Strictly Come Dancing: Why This Dance Show Provokes My Marxist Critique

Friends, in their infinite wisdom, occasionally suggest career pivots. In recent times, two separate groups proposed I grace the stage of celebrity TV phenomenon, Strictly Come Dancing. Knowing my long-standing affection for dance, including presenting dance television in the early 2000s, and my basic practical understanding – a sprinkle of tap, North London social worker-level salsa, and drunken Argentine tango attempts – they believed Strictly could broaden my audience. However, their well-meaning suggestion was met not with gratitude, but a lengthy, impassioned denunciation worthy of Hugo Chávez or Fidel Castro. My target? Firstly, television talent shows like Strictly Come Dancing and secondly, the very notion of ballroom dancing as a skill judged on such platforms.

My aversion to TV talent shows, draped in ideological rhetoric, is rooted, as ideologies often are, in personal experience. After hosting the opening night of the Comedy Store in 1979 – a night that reshaped British comedy, dismantling sexist and racist stand-up – a producer from London Weekend Television, adorned with a gold chain, approached me. Handing over his card, he inadvertently handed me, or so I thought, my “ticket to stardom.”

Days later, excitement bubbling, I visited his office. He praised my Comedy Store performance before revealing the show he wanted me for: Search for a Star. It wasn’t the breakthrough I envisioned; it was a tawdry talent show. Yet, the allure of television was strong, and I almost agreed. Fate intervened in the form of an ITV strike, sidelining the channel for three months. When Search for a Star finally aired, it was without me. Industrial action saved me from potential TV humiliation (though that came later), and the victor was a comedian named Fogwell Flax.

The success of Fogwell Flax on Search for a Star, compared to my hypothetical failure, has long lingered. As talent shows like X Factor, Britain’s Got Talent, and Strictly ascended to primetime dominance, my quest to understand this divergence intensified, viewed through a Marxist lens of class conflict. Noam Chomsky, in Manufacturing Consent, argues media’s role is to “amuse entertain and inform, and to inculcate individuals with the values, beliefs and codes of behaviour that will integrate them into the institutional structures of the larger society.

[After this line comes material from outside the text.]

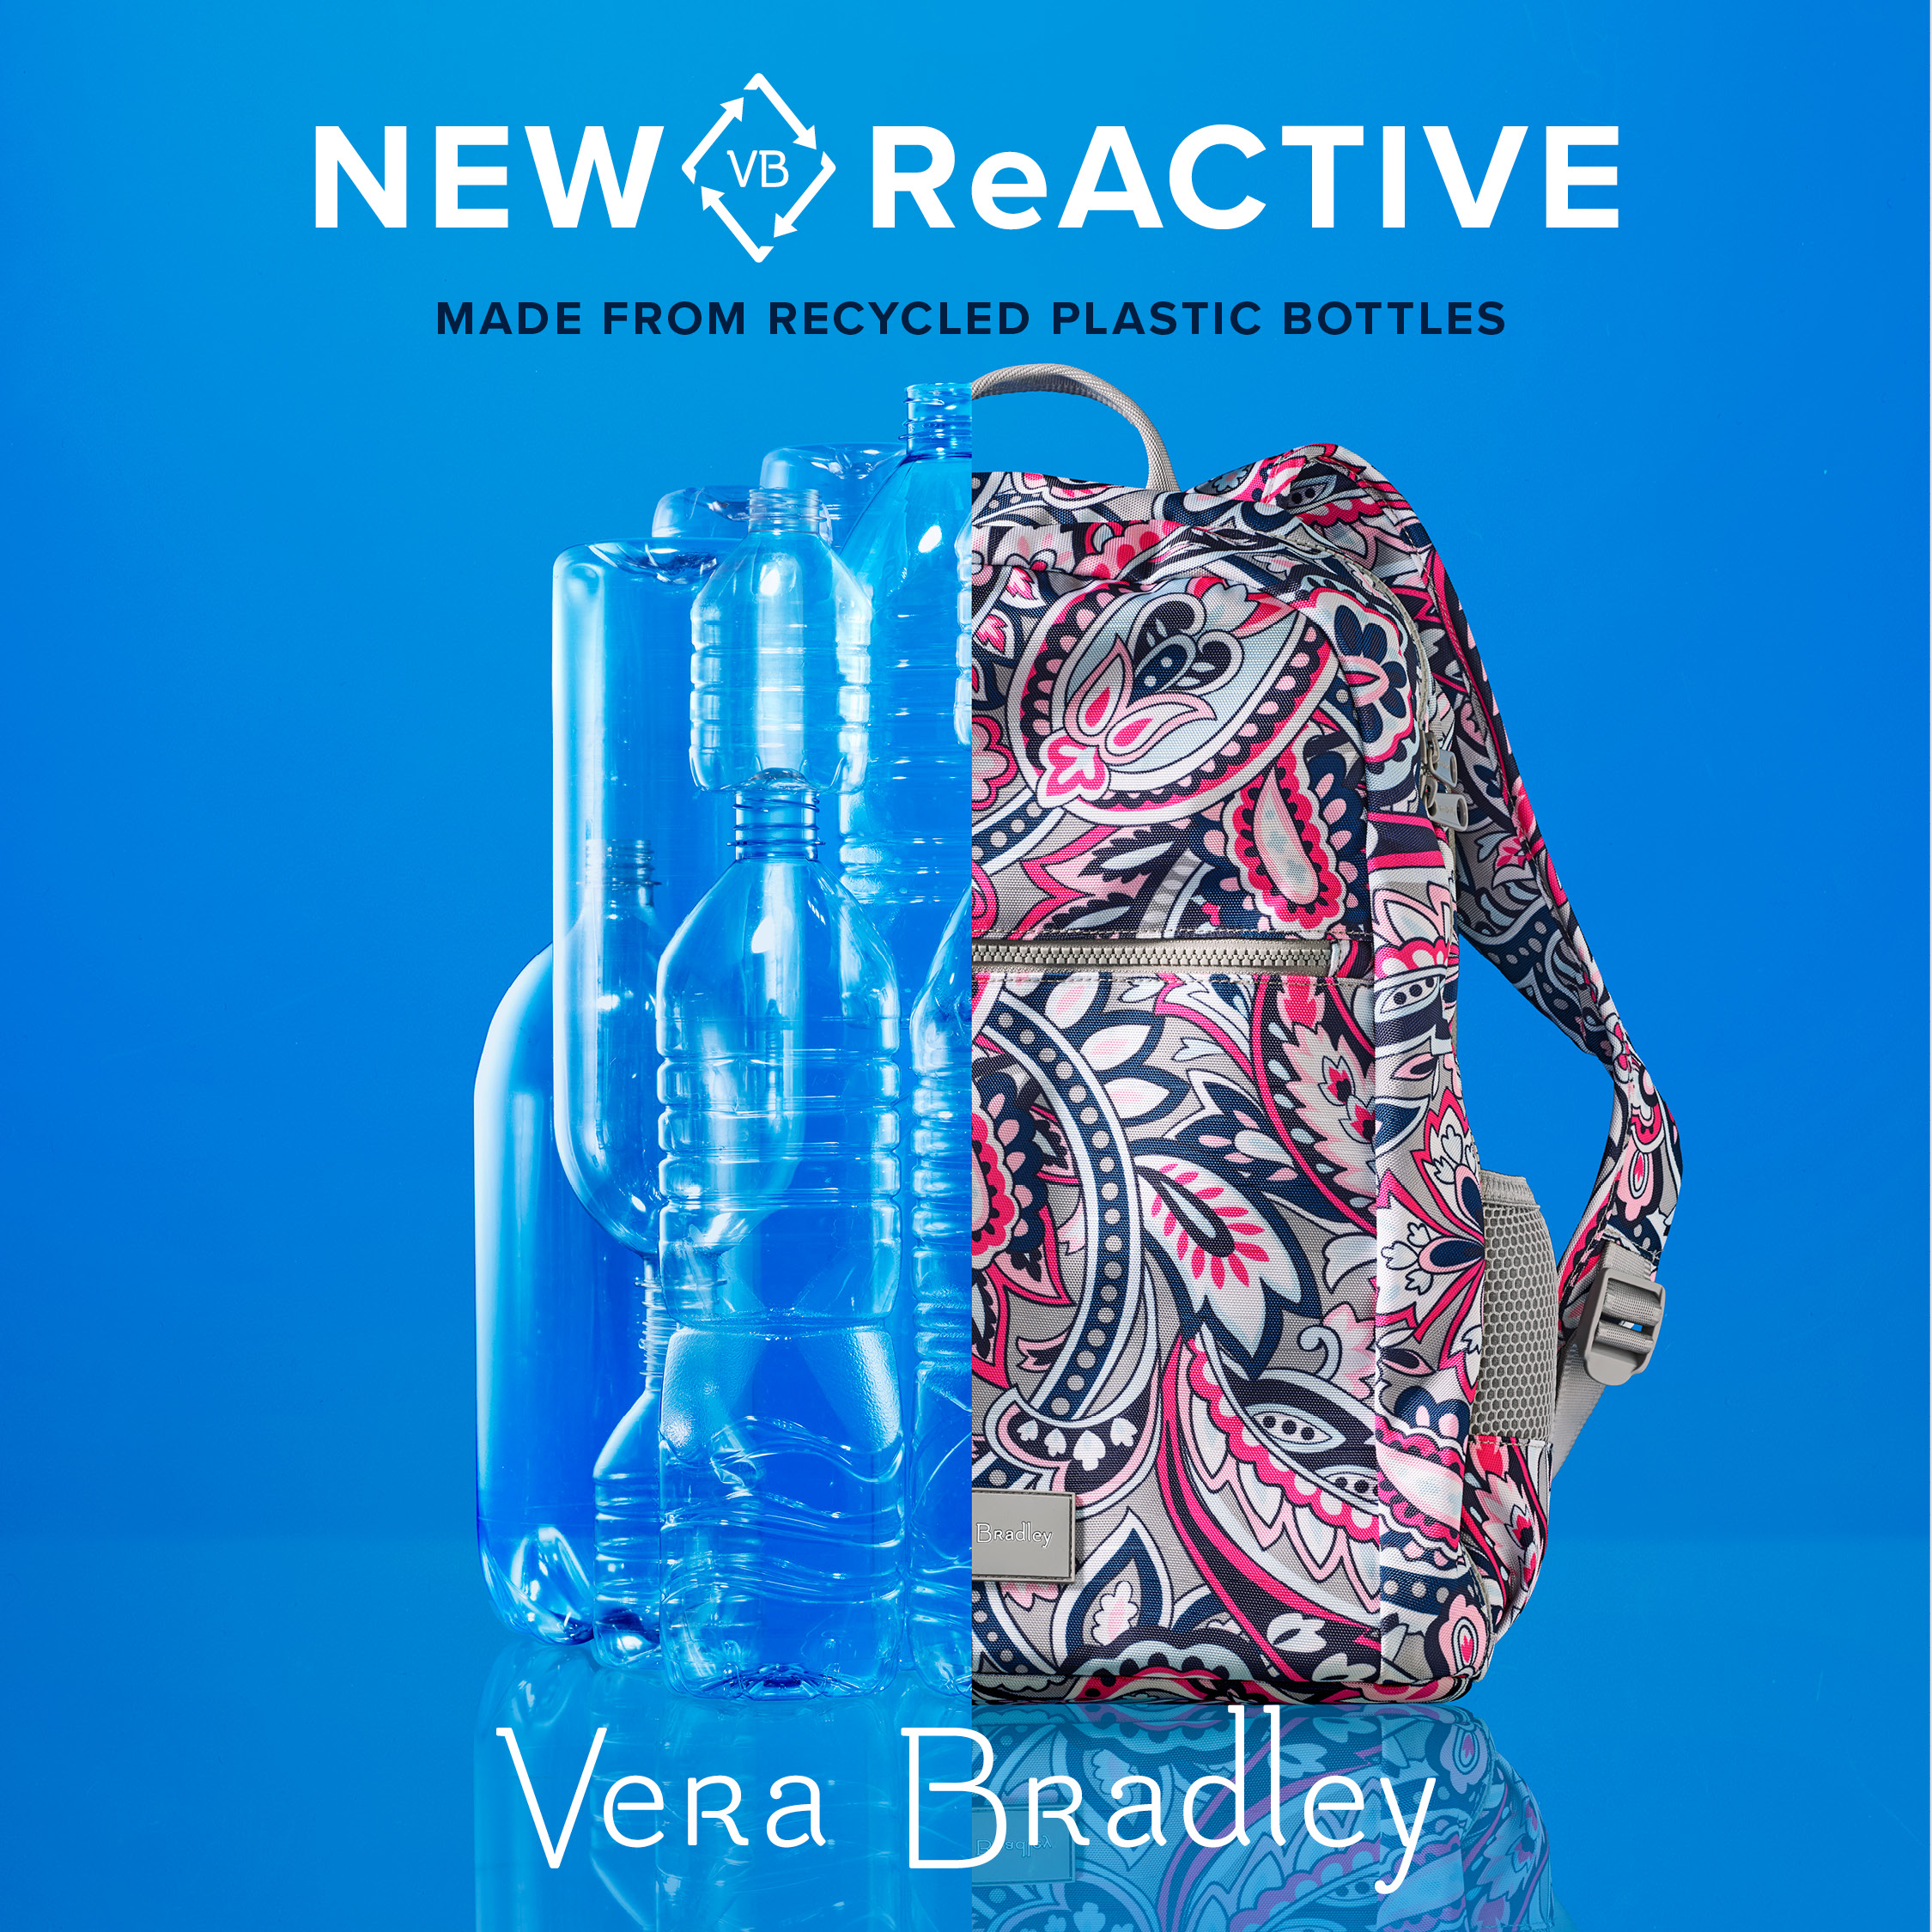 Vera Bradley ReActive Material

In a world of concentrated wealth and major conflicts of class interest, to fulfil this role requires systematic propaganda.” Talent shows, therefore, propagate simplicity over complexity, popularity over genuine talent, banality over invention. Complexity breeds critical thought, the nemesis of authoritarianism. Or, as my relative, filmmaker Albert Mayles, stated: “Tyranny is the removal of nuance.”

Speaking of nuance, we arrive at Strictly and ballroom dancing. My disdain for ballroom is inversely proportional to my adoration for most other dance forms. In the 70s, a friend from Southport Art College reigned as a King of Northern Soul at Wigan Casino. In London, I joined him at all-dayers at the 100 Club on Oxford Street. My awkward dancing was inconsequential; I was captivated by the uninhibited beauty and dynamism of the Northern Soul dancers. The choreography and working-class spirit resonated deeply. (Wigan council, in its wisdom, demolished the Wigan Casino, replacing it with nothing.) Similarly, at a Spanish fiesta, the communal sevillana, uniting young and old, fills me with humanistic warmth. Ballroom dancing, however, induces the opposite – a visceral aversion.

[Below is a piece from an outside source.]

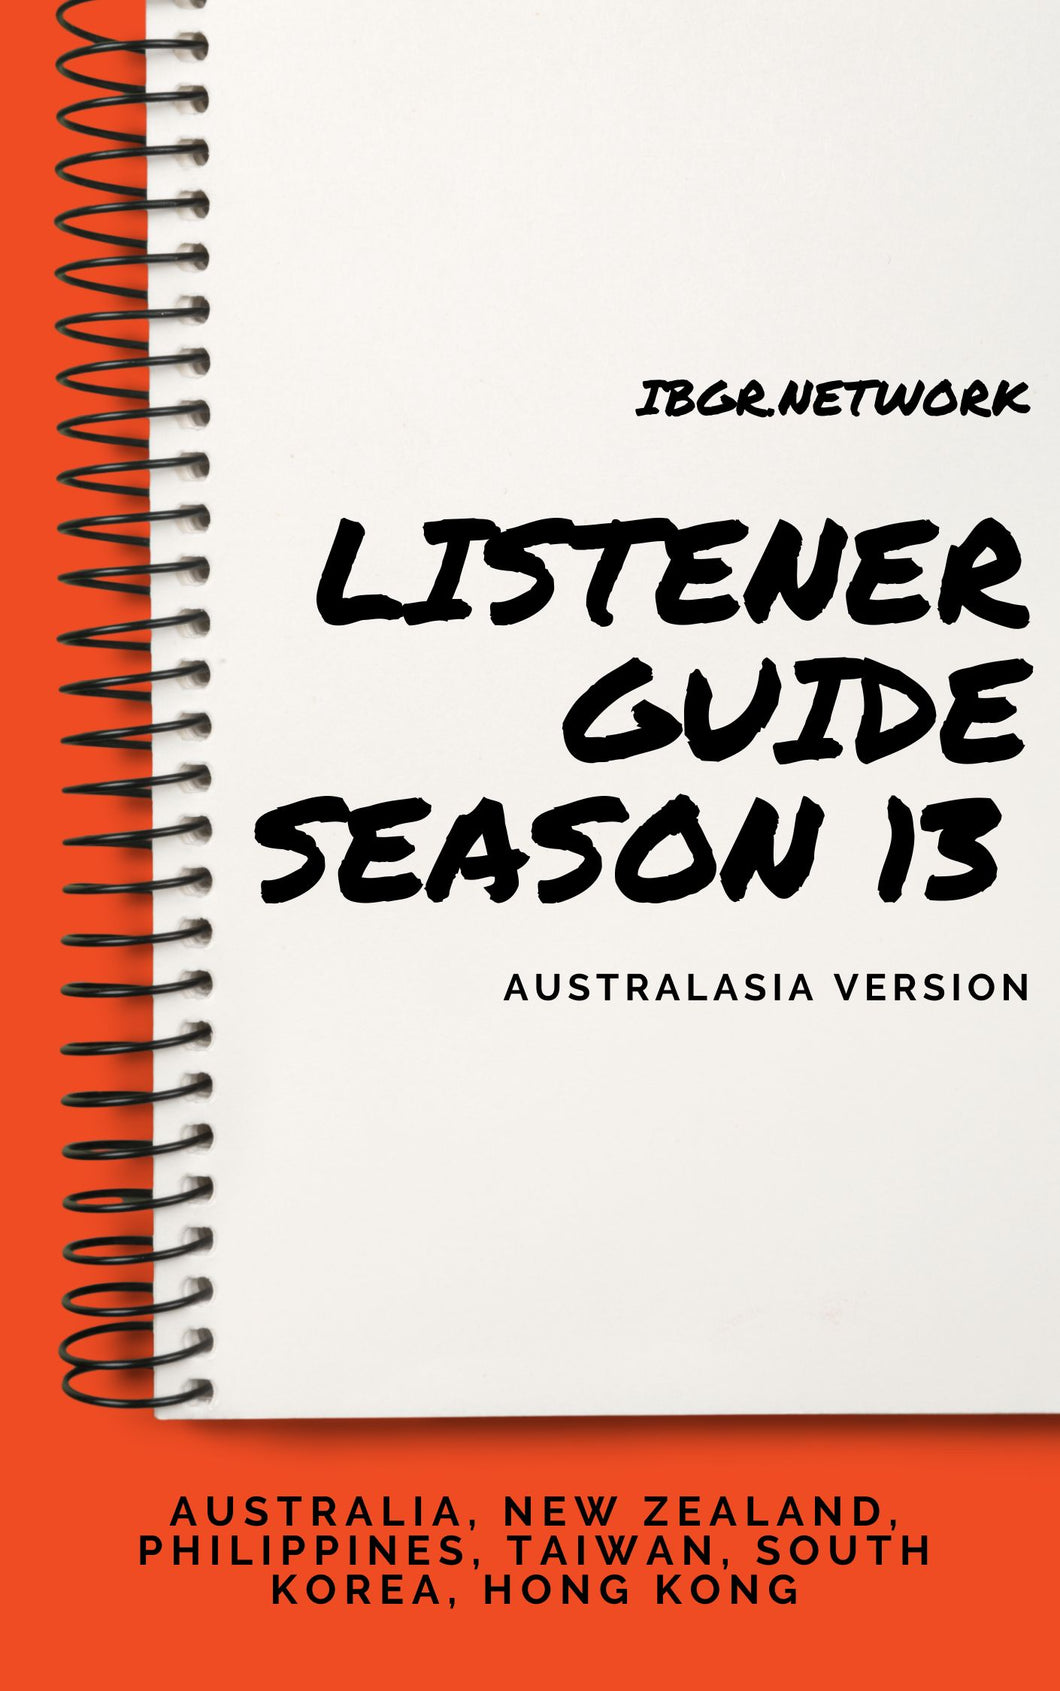 [EBOOK] Season 13 Listener Guide 13.3 - Australasia Version

Ballroom dancing is fundamentally flawed: the attire, the music, the forced expressions, and the dancing itself. The core issue? Points. Ballroom, an aesthetic pursuit, an art form, is reduced to a competition. The objective shifts to judge-centric performance, confined by rules, fostering a gaudy, artificial aesthetic. Imagine awarding points for Shakespearean acting – the result would be exaggerated, theatrical parody. Ballroom’s repulsiveness isn’t unique; figure skating and rhythmic gymnastics share this trait. The concern is that Strictly shapes public perception of dance, a deeply unsettling prospect.

Authentic Argentine tango, born in Buenos Aires brothels, pulsates with melancholy and sensuality, intertwined with complex, inseparable music. The Strictly ballroom tango, with its strained smiles, robotic movements, and often incongruous music, is a grotesque distortion. An Argentinian friend aptly described ballroom dancing as “impotence.” Dance between genders inherently involves sexuality, yet ballroom is profoundly sterile and unsexy.

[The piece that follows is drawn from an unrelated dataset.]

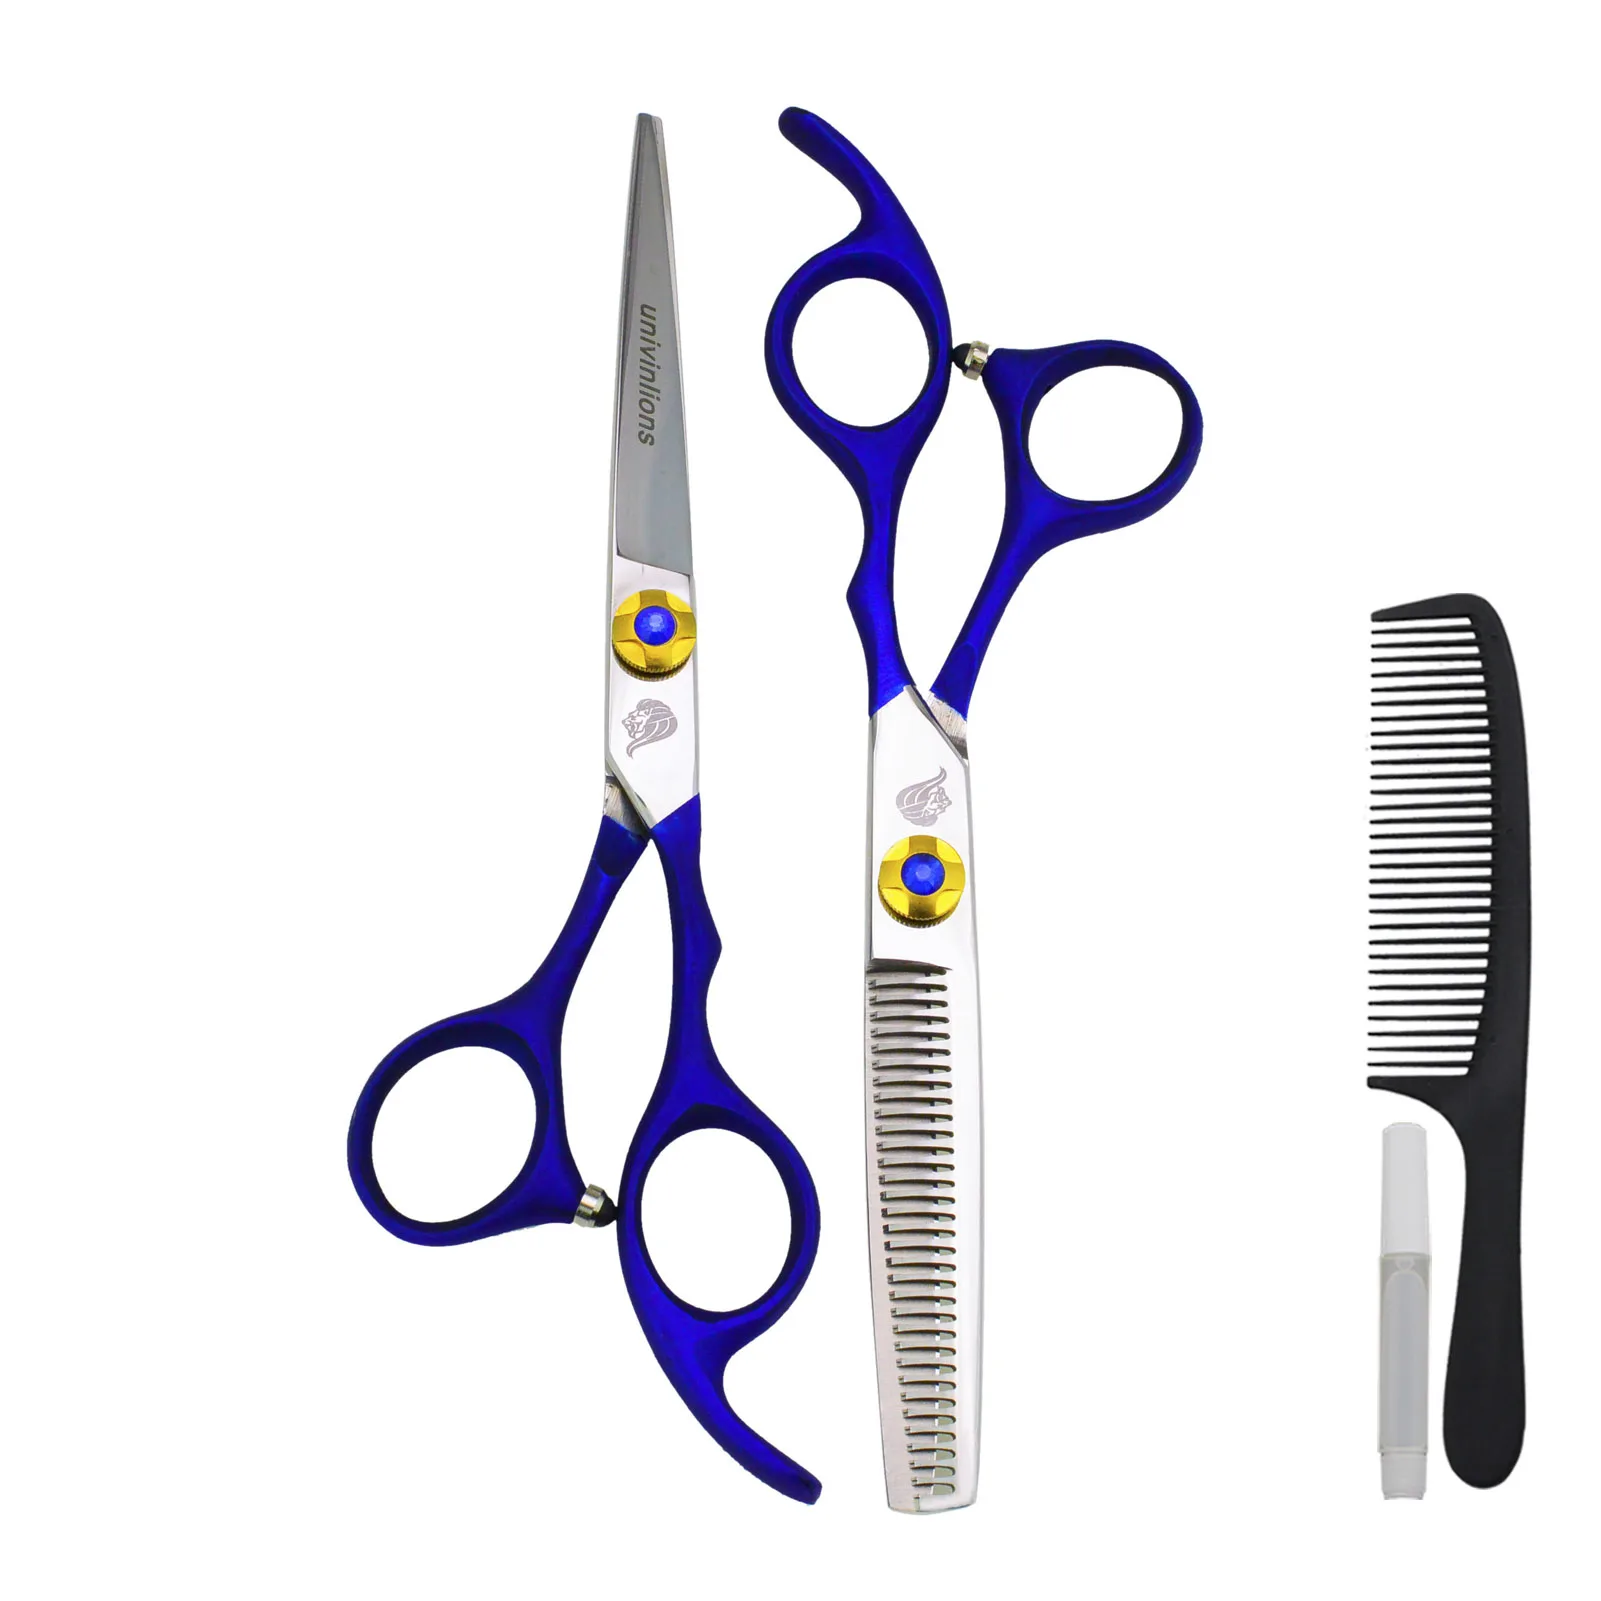 

6 inch New Blue Barber Accessories Professional Hair Scissors Janpanese Steel Salon Thinning Shears Hairdressing Scissors Set

Dance, inherently, isn’t revolutionary; art’s political impact is indirect, mirroring politics itself. Giselle attendees won’t storm the streets, regardless of performance quality. However, Strictly celebrities participate in a cultural assault on critical thinking. Echoing Orwell’s Nineteen Eighty-Four, where “War is Peace” and “Ignorance is Strength,” Strictly presents ugliness as beauty, prancing as dancing, and ludicrous comparisons as insightful commentary. This manufactured confusion obscures truth. But look out for my show, Hot Tango, Cool Salsa, coming to an arts centre near you (soon-ish).